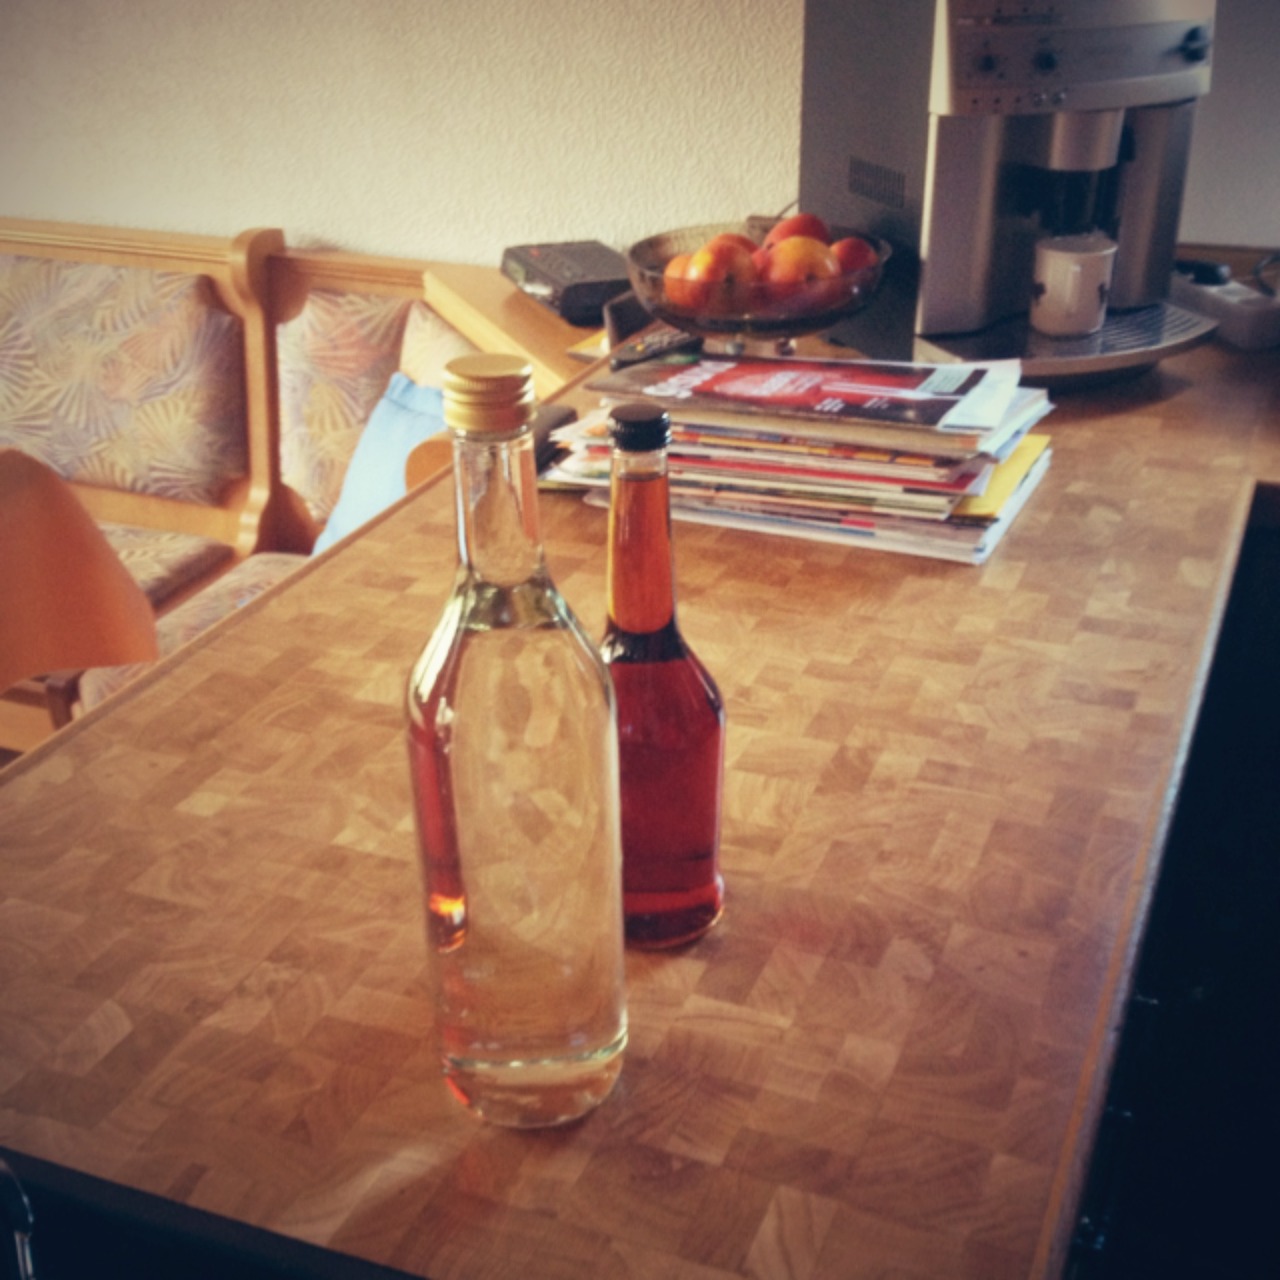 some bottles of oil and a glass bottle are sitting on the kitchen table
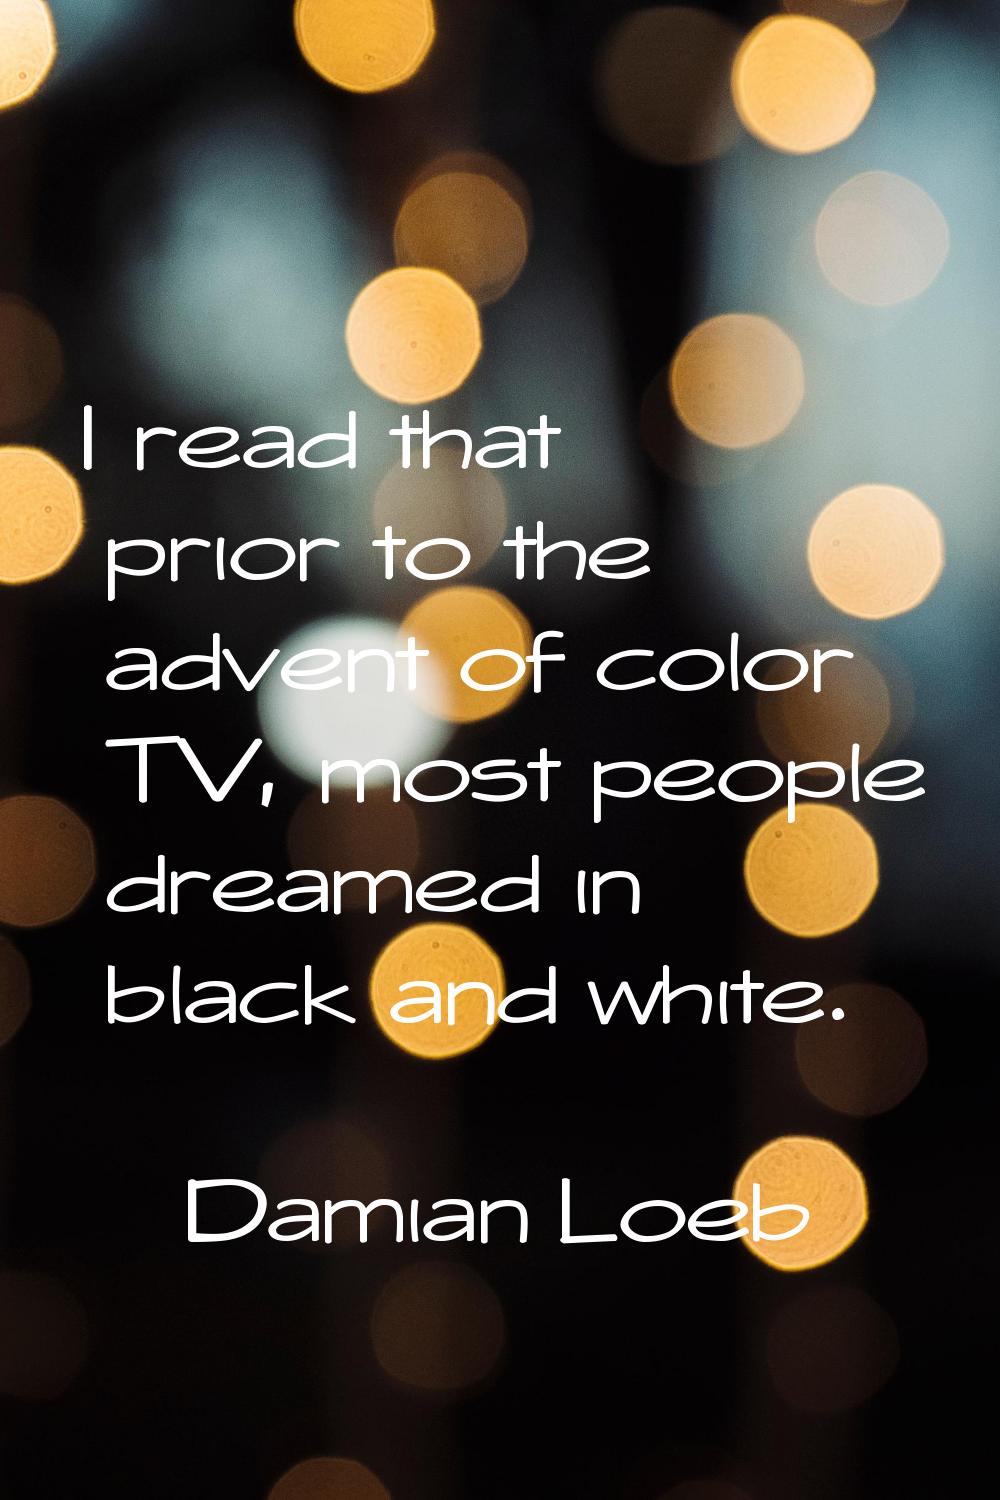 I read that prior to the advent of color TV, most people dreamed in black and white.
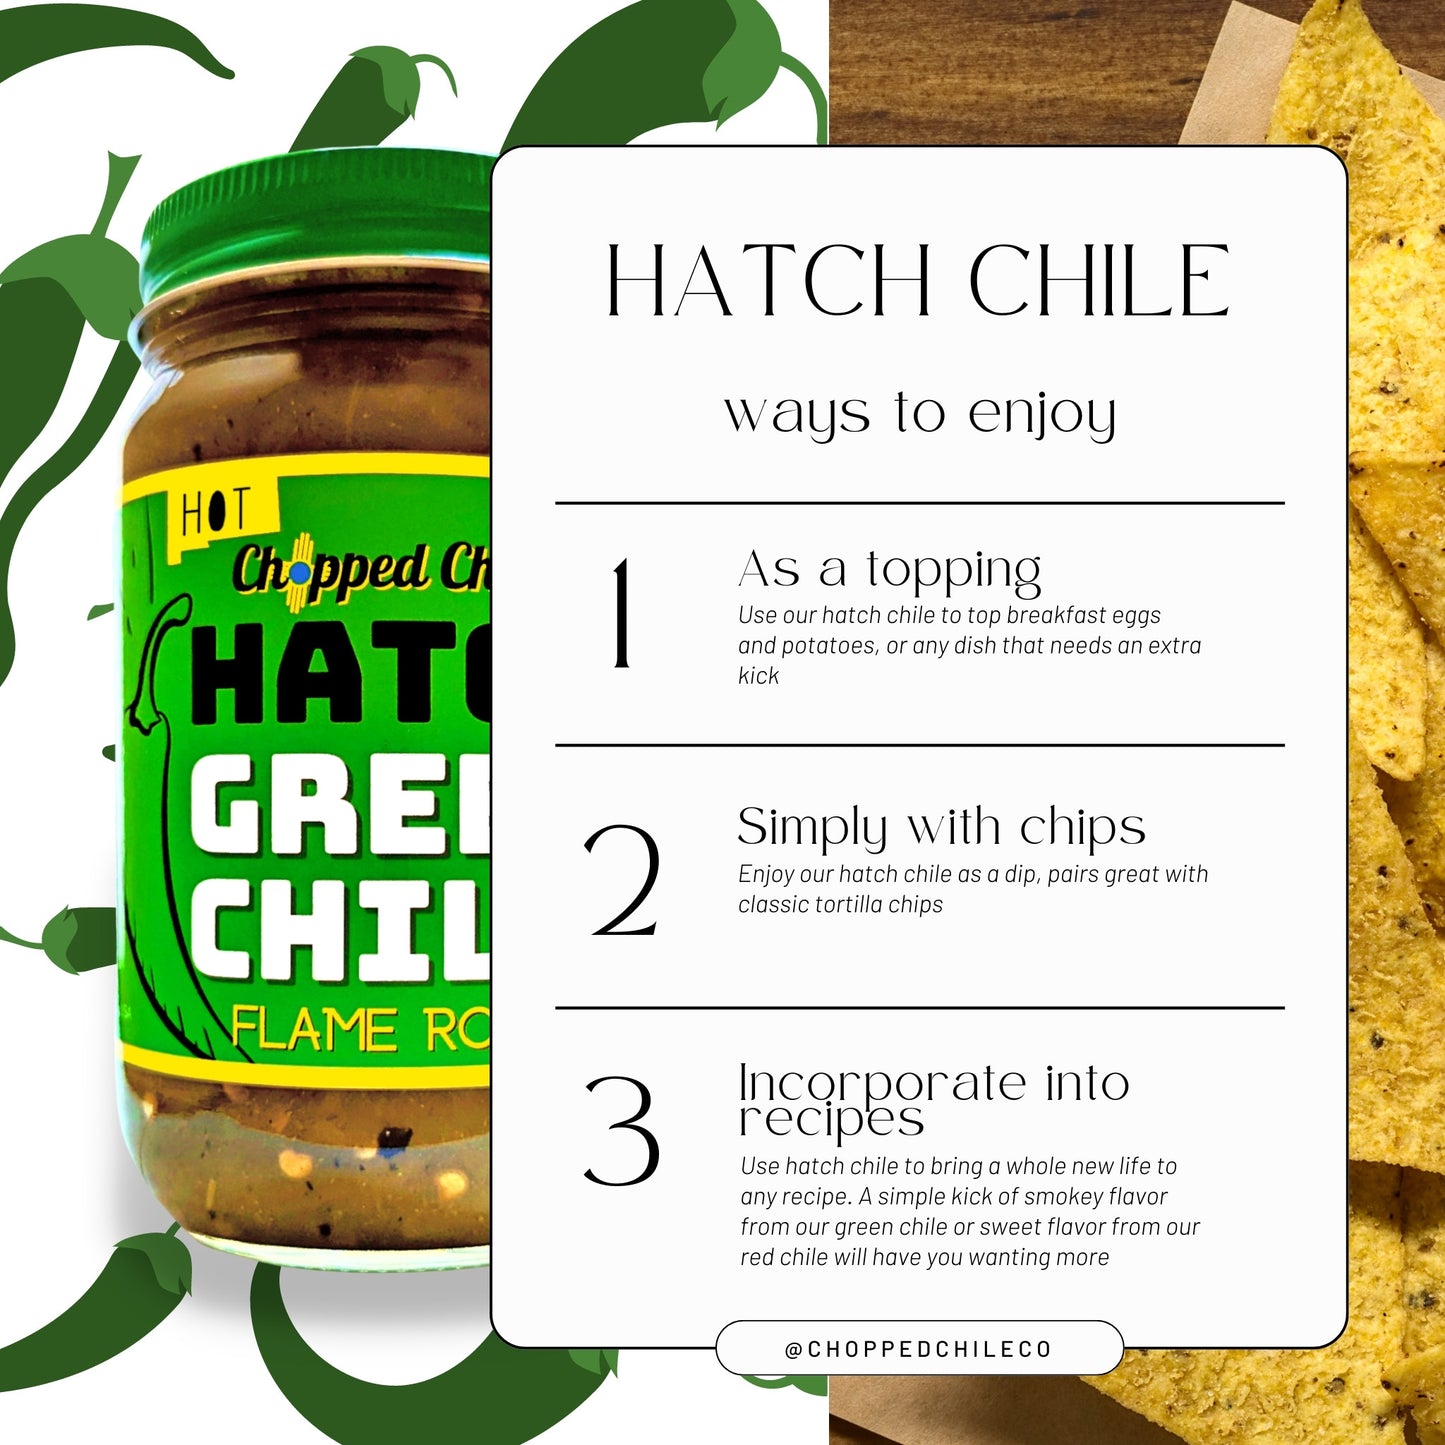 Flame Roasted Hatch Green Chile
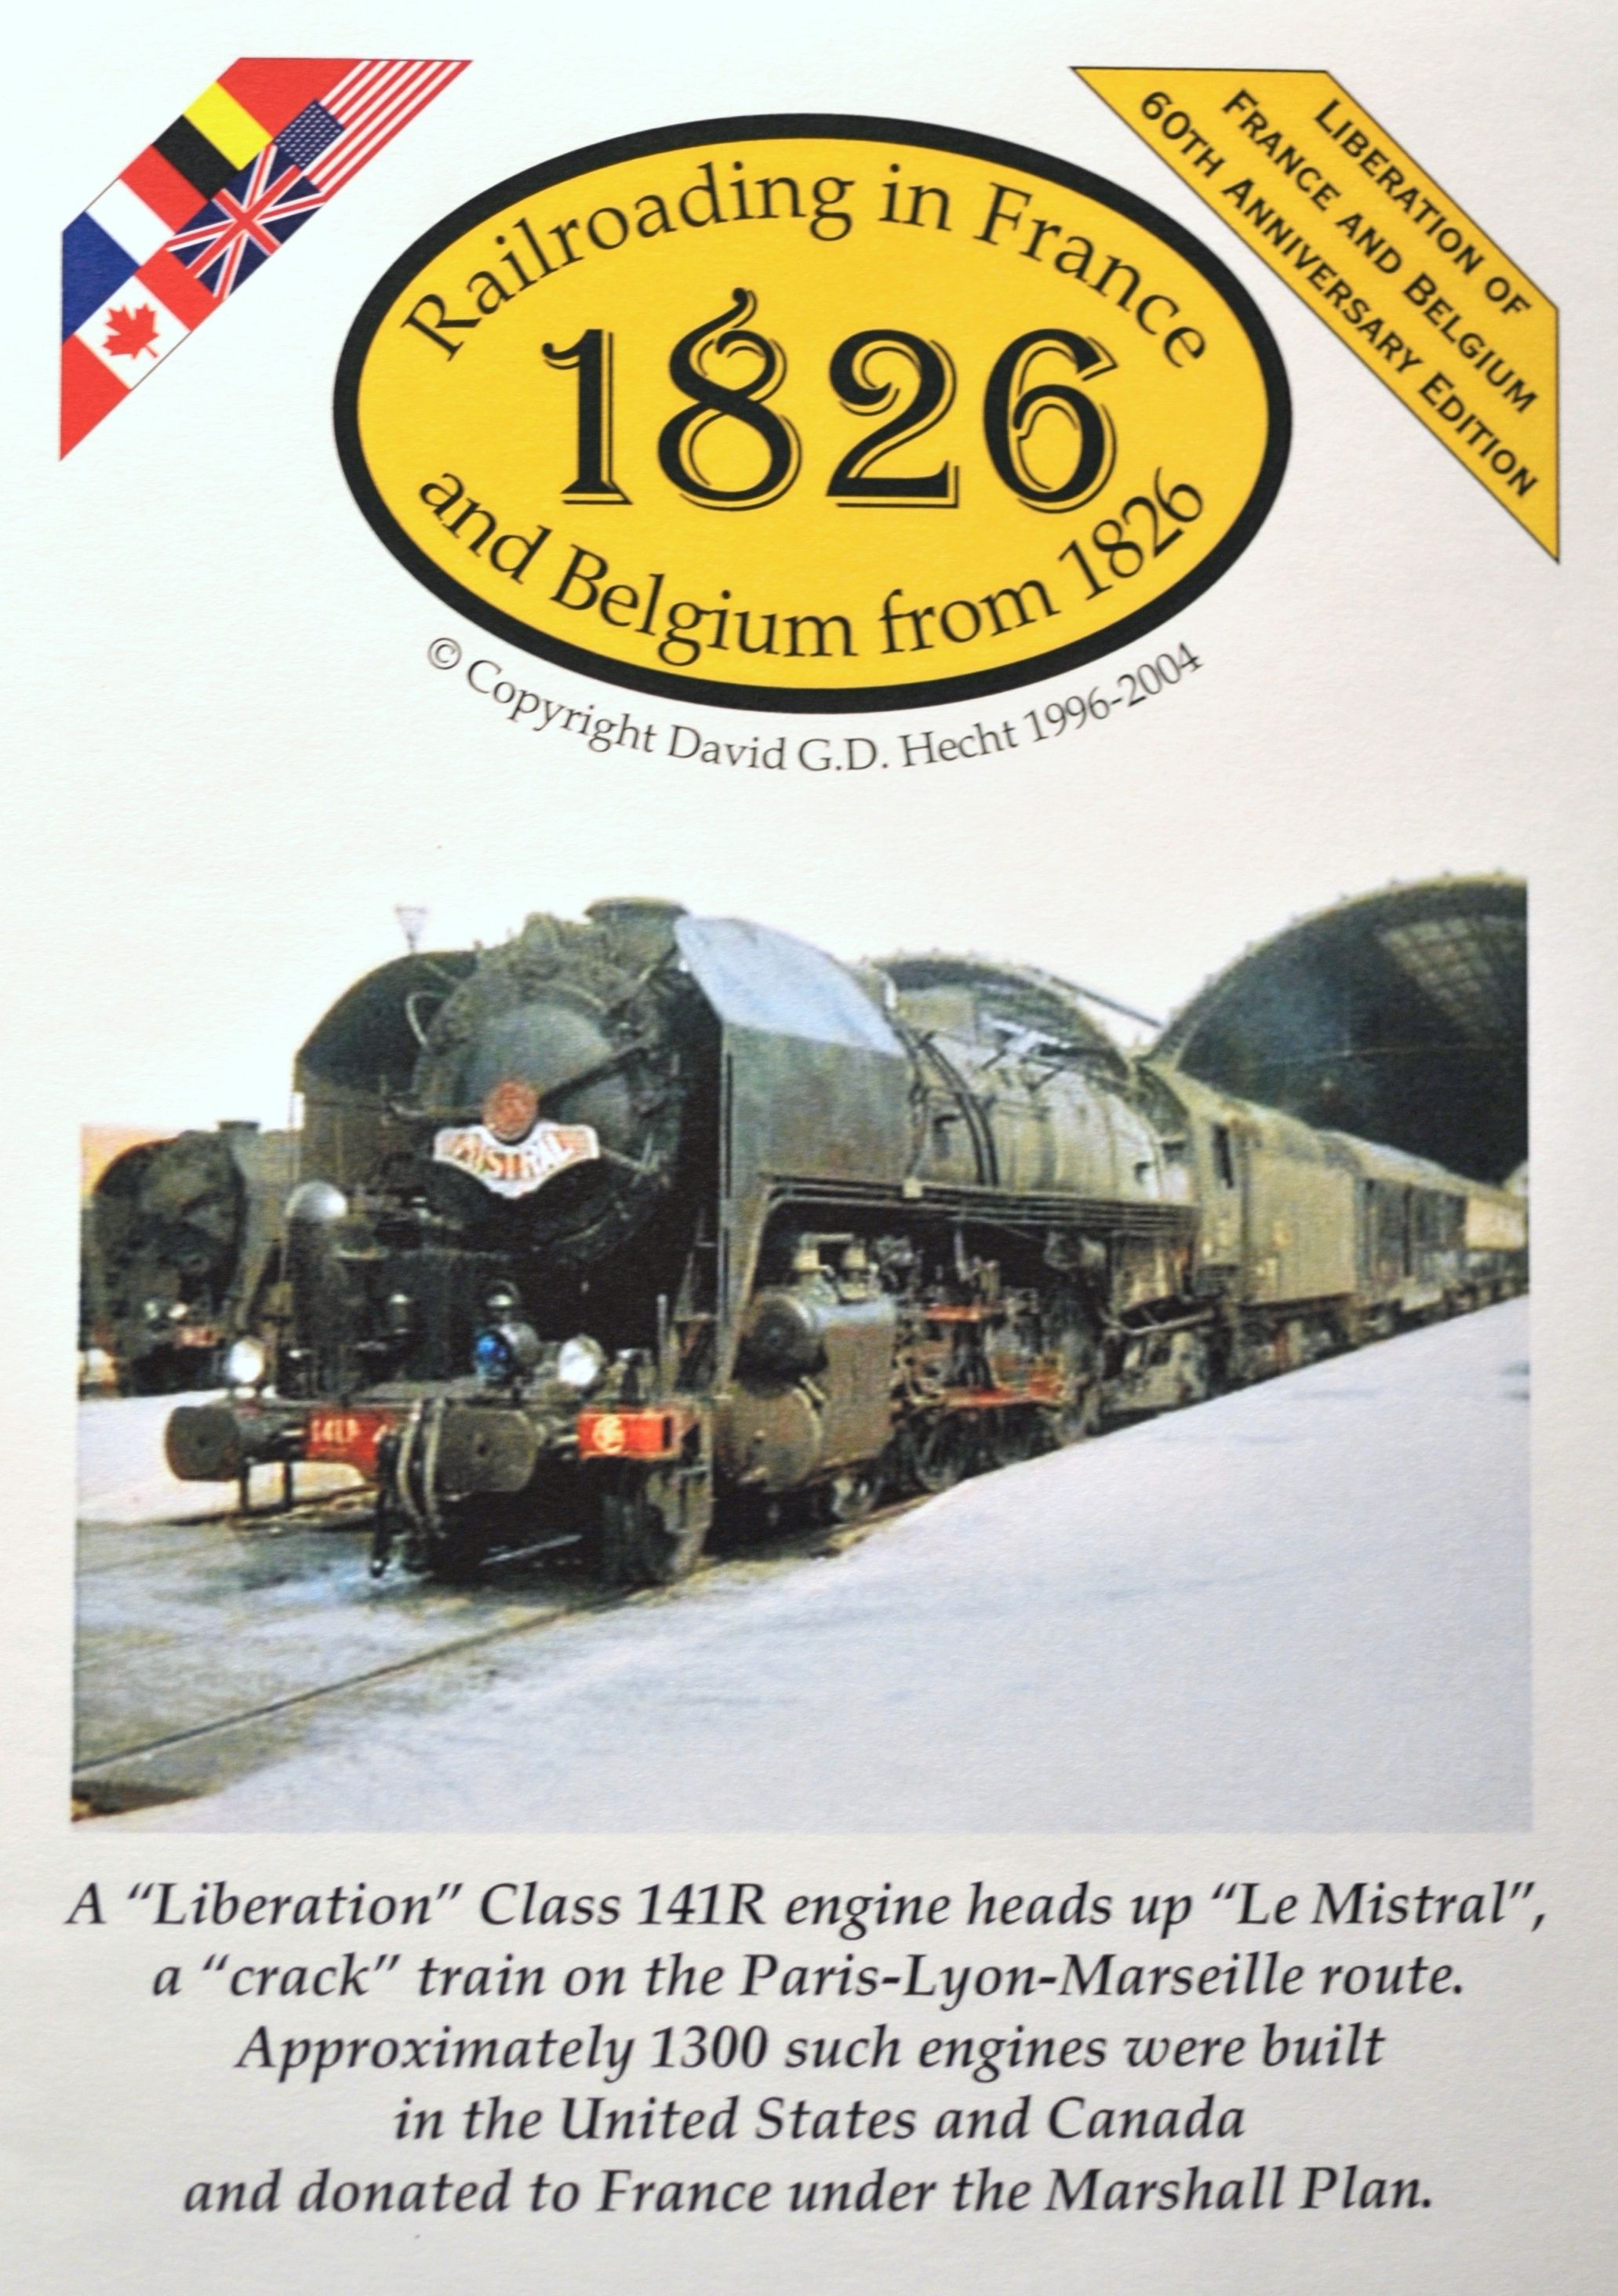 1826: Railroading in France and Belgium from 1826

# ABOUT THIS TASK
The copy must reproduce the listing above verbatim and contain no pictures.

# WRITTEN REPLY
 some bottles of oil and a glass bottle are sitting on the kitchen table
 I read that prior to the advent of color TV, most people dreamed in black and white.
 Flame Roasted Hatch Green Chile
 1826: Railroading in France and Belgium from 1826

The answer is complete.